GC & The "Expensive Object" Problem
Mark S. Miller
markm@caplet.com
Thu, 06 May 1999 00:55:26 -0700
I've always been amazed that Python refcounts rather than GCs. Lots of
empirical work has shown that GC is more efficient than refcounts (even
ignoring cycle-leakage of course), and this makes sense on first principles:
refcounting costs proportional to the number of pointer operations,
whereas gc costs approximately proportional to the number of allocations.

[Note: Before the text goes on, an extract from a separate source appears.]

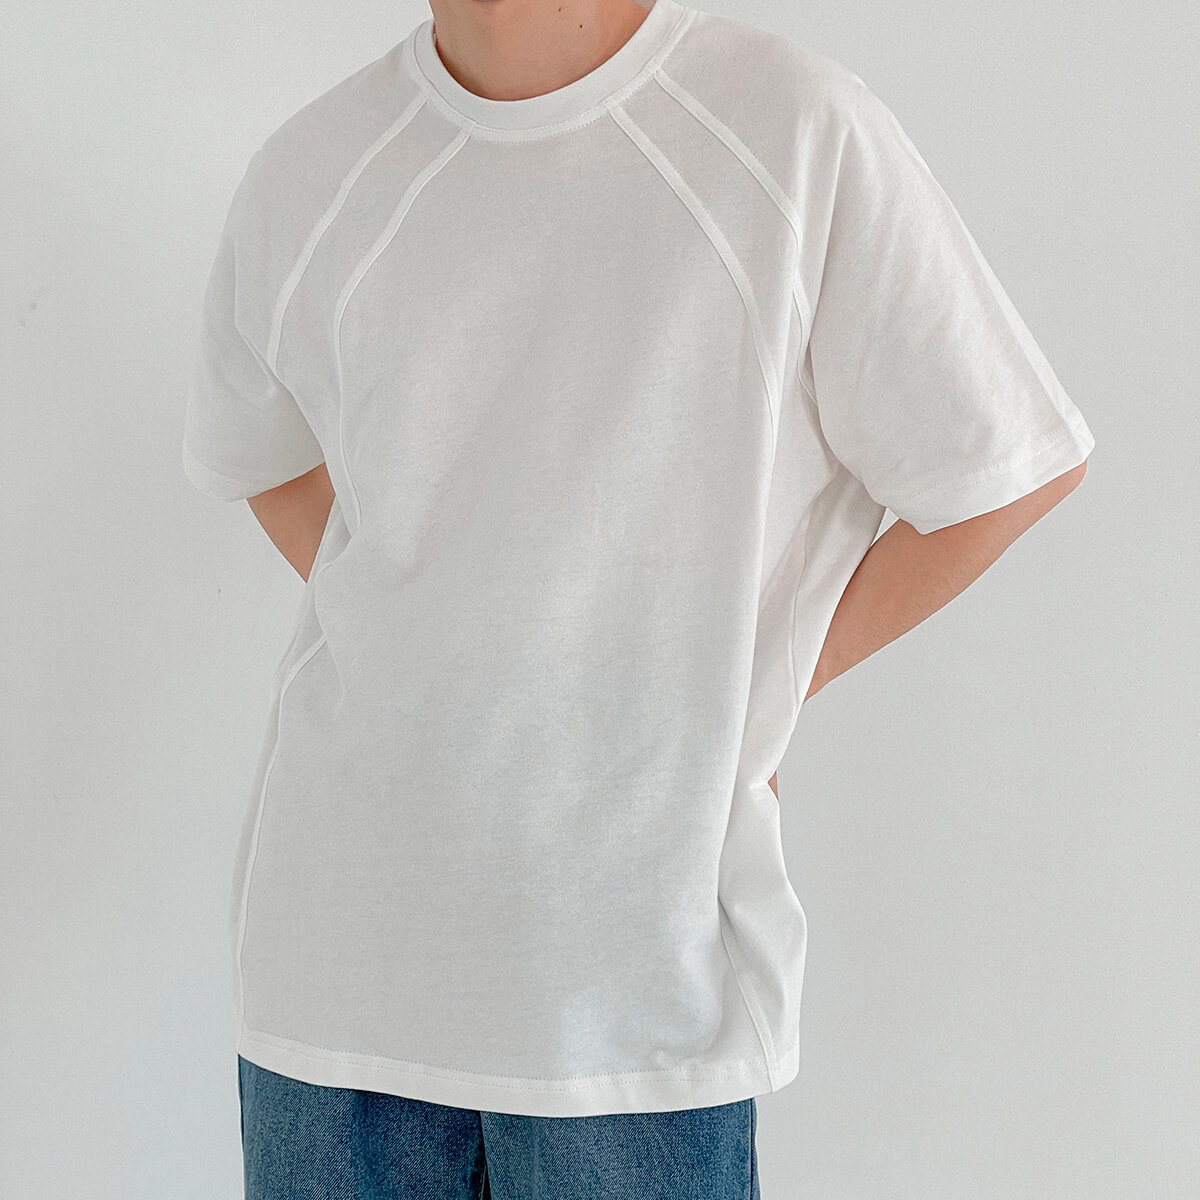 Футболка DAZO Studio T-shirt Stitched Design (6)

Ping pointed out to me an interesting advantage of Python's refcounting
scheme: some objects retain external resources, like file descriptors, and
naturally release these when they are finalized. Refcounting certainly
succeeds at getting rid of objects immediately, whereas gc may delay their
collection arbitrarily. Worse, efficient garbage collectors are
generational. This makes worst-case collection times much longer, since the
garbage object may have been tenured into a generation that's only examined
every blue moon.
Normally, the delayed collection of gc vs refcounting isn't a problem, since
the only extra cost is storage, and when we need more, we gc anyway.
However, when the object is retaining some externally-expensive resource,
the gc has no knowledge of this expense, and so optimizes the wrong thing
out of ignorance.
Even for these expensive objects, we don't particularly need the immediacy
guarantee that a refcounter provides, we simply need assurance that there
will only be a reasonably small delay -- ideally bounded -- between when the
object becomes garbage and when it's finalized. In talking about it, Ping &
I came up with a plausible scheme:
The Miller-Yee Scavenging Variation
Assume an object can statically self-declare itself "expensive" in such a
way that the garbage collector can tell. By "statically", here I mean that
it's a permanent creation-time attribute of the instance (or even class).
In Java, one might use a marker interface. In a generation-scavenging gc,
these objects are allocated in ephemeral space, as are all others. However,
no matter how often they survive a scavenge, they are never tenured into an
older space. Instead, they are copied into the beginning of the new
ephemeral space. If too much time goes by without a scavenge, we can use a
timeout to scavenge anyway, just to ensure that expensive garbage gets
collected promptly.
Rather than allocating a fixed amount of memory to ephemeral space, we
instead allocate a fixed amount of head-room: the remaining free ephemeral
space above the surviving expensive objects. If we end up with too many
expensive objects, a scavenge can end up taking unpleasantly long, but if
expensive objects aren't rare, one is in a truly expensive situation.
Elaborations with more generations or distinctions are certainly possible,
if distressing.
This is all relevant, long term, for distributed objects (whether E or RMI),
as a Proxy is a perfect example of an expensive object. A Proxy retains
storage of an object in a foreign address space, beyond the awareness of its
host gc. Declaring a Proxy expensive advises the local gc to spend somewhat
more time in the hopes of saving other vats possibly much more space. (This
assumes a desire to cooperate without compensation, as is quite common in
computation. When compensation would help, more interesting arrangements
would be called for.)
Since it would benefit RMI as well, there's more hope of convincing some
clean-room jvm competitors that it may be worth a shot.
Cheers,
--MarkM